In the Bi-FoRe KI alleles derived from the full length donor, in addition to the necessary functional sequences, a long bacterial plasmid backbone sequence was also inserted into the target locus. It has been reported that exogenous bacterial sequences introduced into the eukaryotic genome may cause alteration of the expression level of endogenous genes (Chen et al., 2001, 2003; Suzuki et al., 2016). To avoid potential deleterious consequences, we adopted the minicircle vector pTUBB3-MC to construct our Bi-FoRe KI donor (Kay et al., 2010; Suzuki et al., 2016), whose backbone sequence is flanked with minimal attB and attP sites and can be removed by phiC31 integrase-induced recombination either in vivo or in vitro. We first successfully removed the backbone of sox10 Bi-FoRe KI alleles by injection of zebrafish codon optimized phiC31 mRNA in zebrafish embryos (Fig. S8), which is consistent with previous reports of efficient in vivo site-specific excision of minimal attB and attP sites (Lister, 2010; Lu et al., 2011). For in vitro backbone removal, we prepared the sox10 minicircle Bi-FoRe donor according to the minicircle production protocol (Lister, 2010; Lu et al., 2011) and used it for founder embryo injection. Our preliminary results showed that efficient and correct KI events were easily detected in minicircle donor injected embryos (Fig. 4A and 4B), and the ratio of mosaic F0 embryos increased by 14% compared with the full length Bi-FoRe donor (Table S2), which suggested that the smaller donor may be more efficient for NHEJ-mediated KI. In summary, our results showed that unfavorable bacterial backbone sequence could be efficiently eliminated either in vivo by phiC31 mRNA injection or in vitro by minicircle DNA donor production. To our knowledge, this is the first report of the application of minicircle DNA technology in zebrafish.

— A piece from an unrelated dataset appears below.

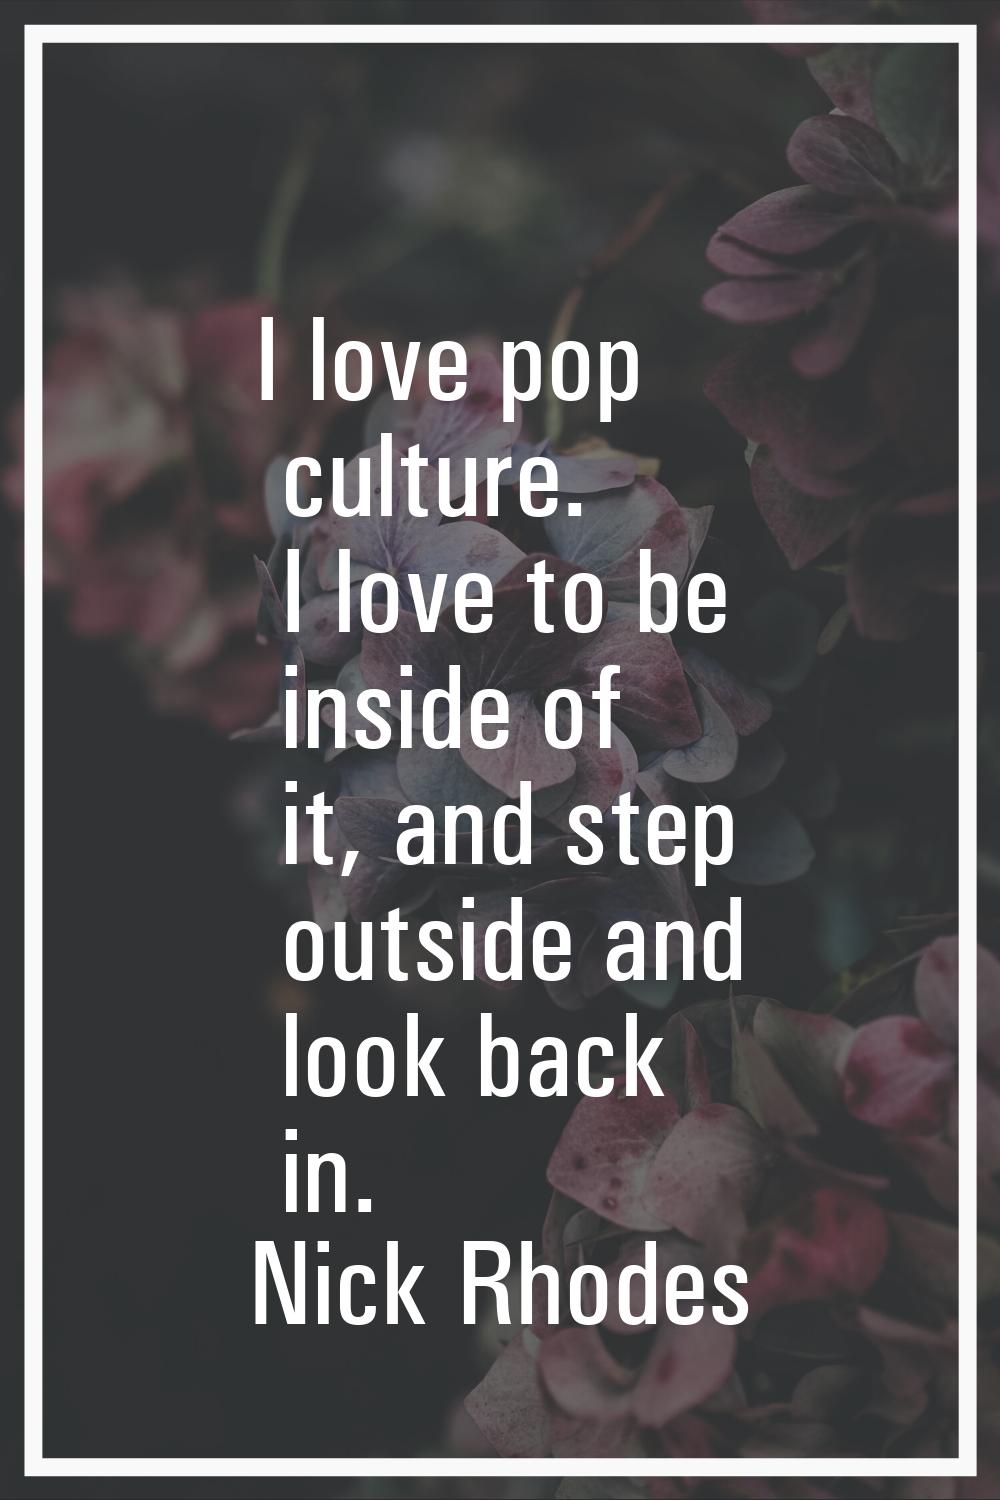 I love pop culture. I love to be inside of it, and step outside and look back in.

In addition to integration into the target locus, donor vectors might also exhibit off-targeting insertions after injection into zebrafish embryos. Although we cannot exclude this possibility, we did not observe obvious ectopic expressions of fluorescent reporters in the F0 or F1 embryos in our experiments, indicating that random gene-trapping was undetectable. This may be due to the low random insertion efficiency of in vivo linearized donor vectors as previously reported (Auer et al., 2014), and in addition, the requirement for donors to be inserted into appropriate gene regions to ensure its expression. However, “silent” random insertions are still possible, which should be investigated in the future.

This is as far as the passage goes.